SCOAP3 is a one-of-its-kind partnership of over three-thousand libraries, key funding agencies and research centers in 43 countries and 3 intergovernmental organizations. Working with leading publishers, SCOAP3 has converted key journals in the field of high-energy physics to open access at no cost for authors. SCOAP3 centrally pays publishers for costs involved in providing their services, publishers, in turn, reduce subscription fees to all their customers, who can redirect these funds to contribute to SCOAP3. Each country contributes in a way commensurate to its scientific output in the field. In addition, existing open access journals are also centrally supported, removing any existing financial barrier for authors.

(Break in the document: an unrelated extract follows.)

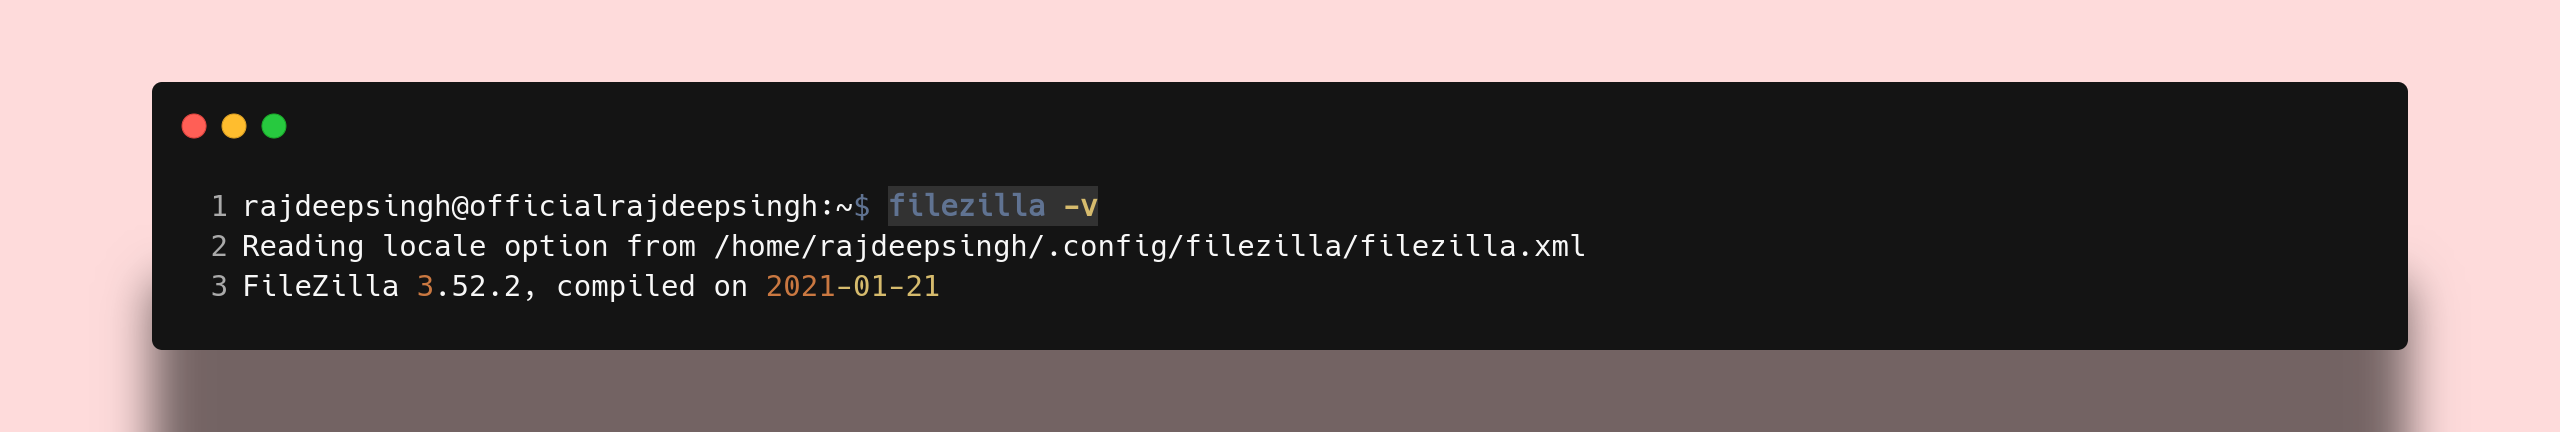 Filezilla version command output

SCOAP3 journals are open for any scientist to publish without any financial barriers. Copyright stays with authors, and a permissive CC-BY license allows text- and data-mining. SCOAP3 addresses open access mandates at no burden for authors. All articles appear in the SCOAP3 repository for further distribution, as well as being open access on publishers’ websites.
docker-compose up
# Initialize database
docker-compose exec web scripts/recreate_records
First of all, keep in mind that we are creating a local environment here, so a lot of things that run on Docker, will run locally instead.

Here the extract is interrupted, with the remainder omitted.